= MacGregor Arctic Expedition =

Promotional Post Card showing Clifford J. MacGregor, Map to Ft. Conger and the Schooner A.W. Greely

The MacGregor Arctic Expedition was a privately funded expedition which set out to reoccupy Fort Conger, Ellesmere Island, Canada, a site within flying distance of the North Pole. The expedition, which took place from July 1, 1937, to October 3, 1938, had four main objectives: To collect weather data; to make a magnetic survey; to photograph the aurora borealis and study its effects upon radio transmission; and to explore the area northwest of Ellesmere Island, in order to clear up the questions about Crocker Land, which Robert Peary placed on the map more than 30 years earlier.

==Preparation==
In the spring of 1937, a three-mast, tern schooner, Donald II, was purchased in Nova Scotia and brought to Port Newark, New Jersey, where new motors were installed and the ship reinforced and reconditioned for the expedition. It was rechristened the Gen. A. W. Greely on May 2, 1937, in honor of Adolphus Greely, leader of the ill-fated Lady Franklin Bay Expedition of 1881 and 1882.
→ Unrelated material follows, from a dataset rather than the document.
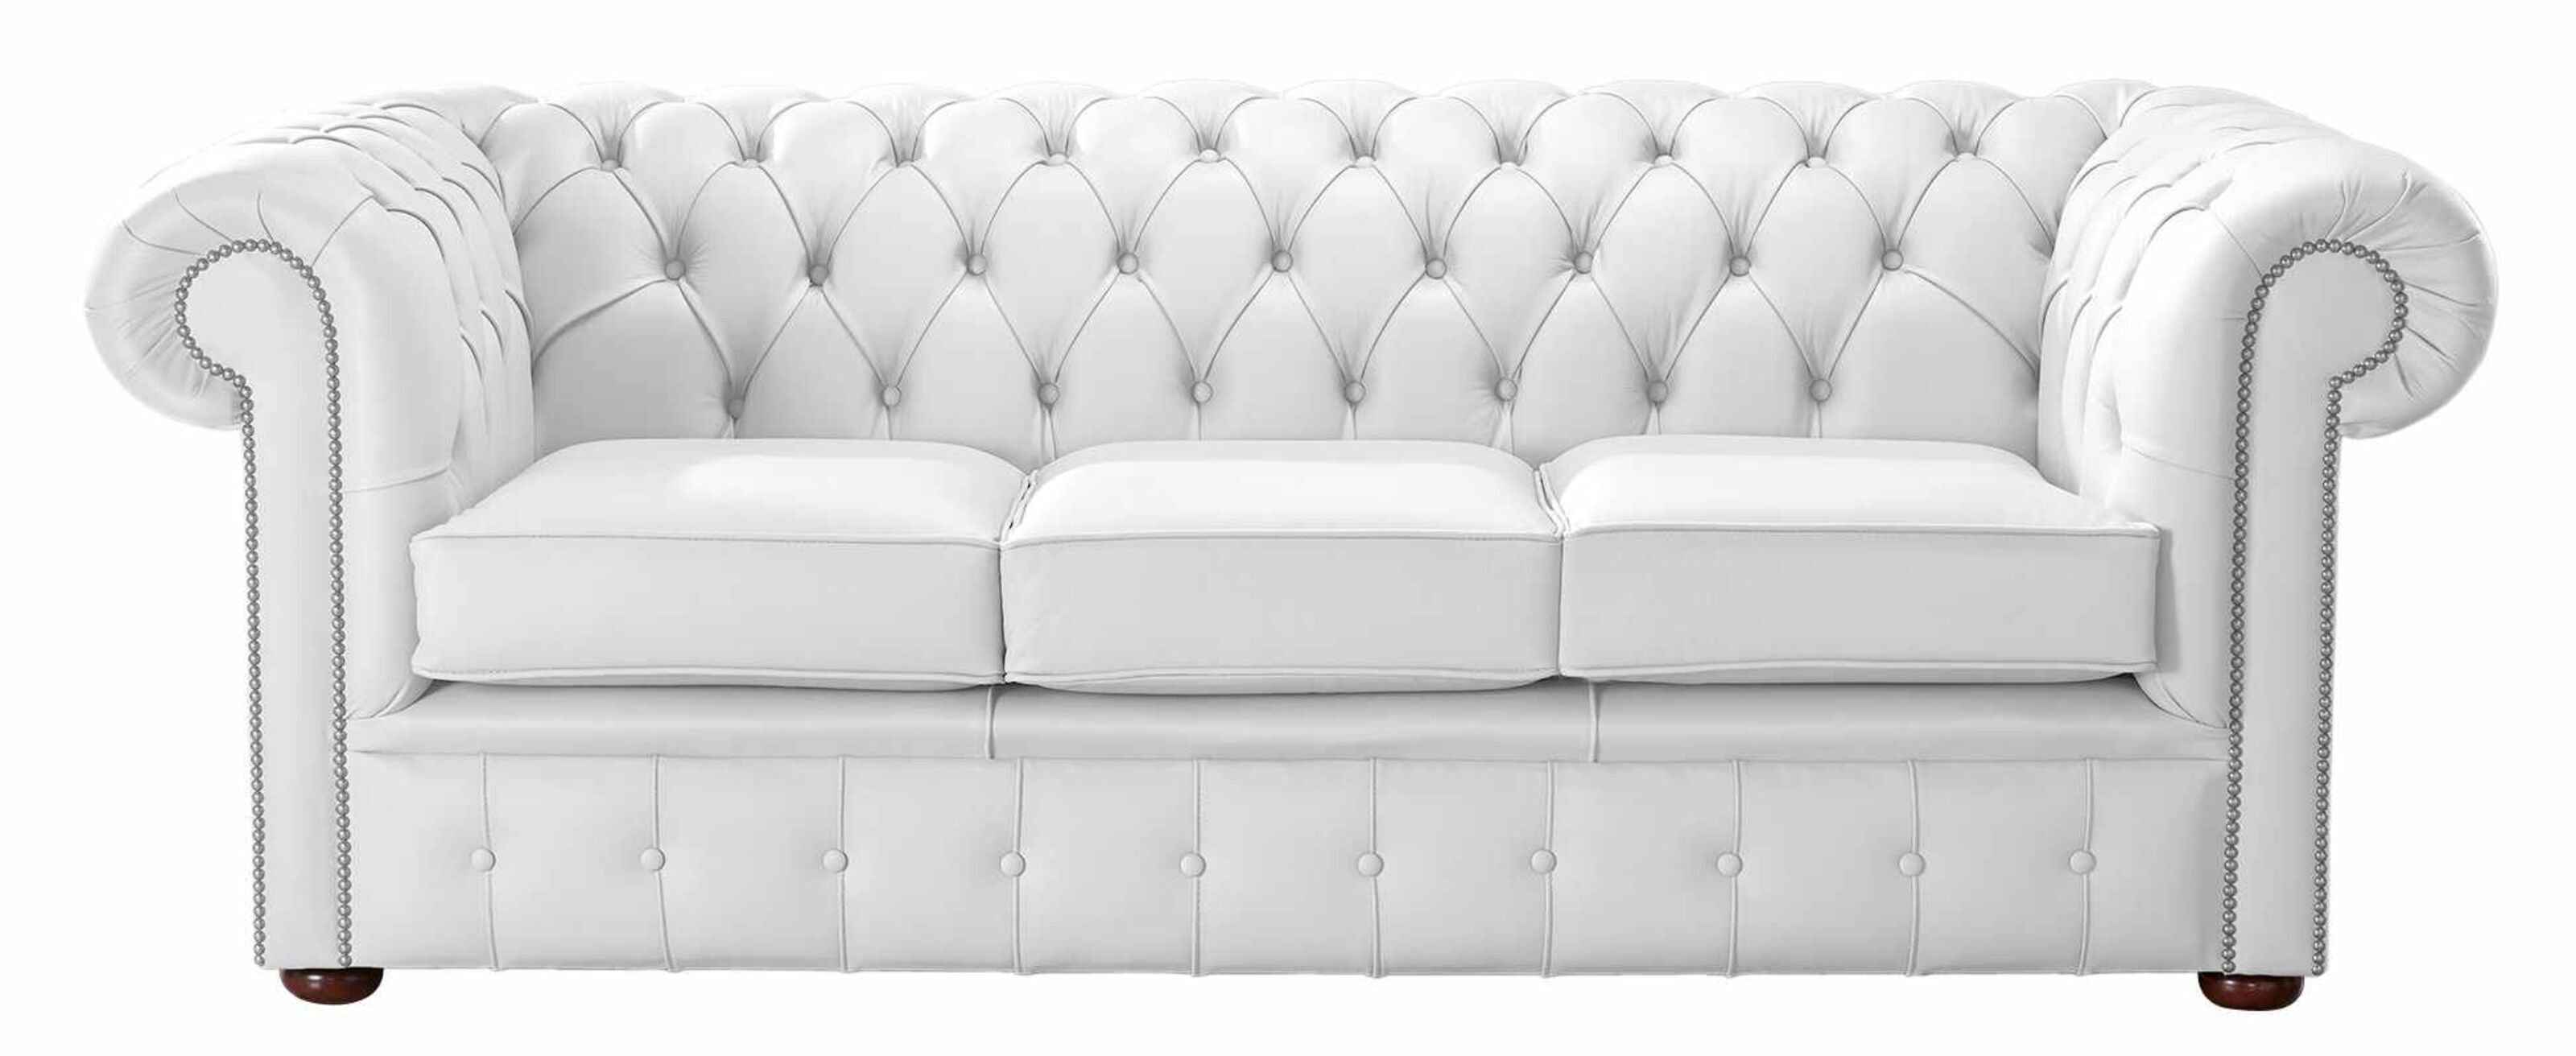 Exploring Chesterfield Sofa Options Finding the Ideal Match  %Post Title

All expedition members paid their own way either by supplying necessary equipment or cash. There were originally eleven members of the expedition: Clifford J. MacGregor, meteorologist for the US Weather Bureau; Isaac "Ike" Schlossbach, "second in command", navigator and chief airplane pilot, United States Navy (retired); Roy Fitzsimmons, Polar Geophysicist and magnatologist; Robert Danskin, aircraft supplier and geologist; Gerry Sayre, radio engineer and operator; Murray A. Wiener, photographer; John Johnson, cook and mechanic; Paul "Fuzzy" Furlong, mechanic and dog handler; Francis Lawrence, aerologist and Junior Naval Guard; Robert Inglis, Surveyor and Boy Scout (the youngest member of the crew); and Norman Hortman, pilot (who left en route north at Sydney, Nova Scotia).

==En route north==

The expedition set sail from Port Newark, New Jersey, on July 1, 1937. They made two stops in Nova Scotia: Lunenburg to drop off passengers and take on fresh food and supplies; and Sydney to drop off Norm Hortman and a radio technician who had been tuning the radio equipment and to take on coal. They made two scheduled stops in Greenland, one to take on fresh water and food at Fairhaven and another at Idglorssuit, Umank Fjord to pick up dogs and deliver presents to the Eskimo inhabitants.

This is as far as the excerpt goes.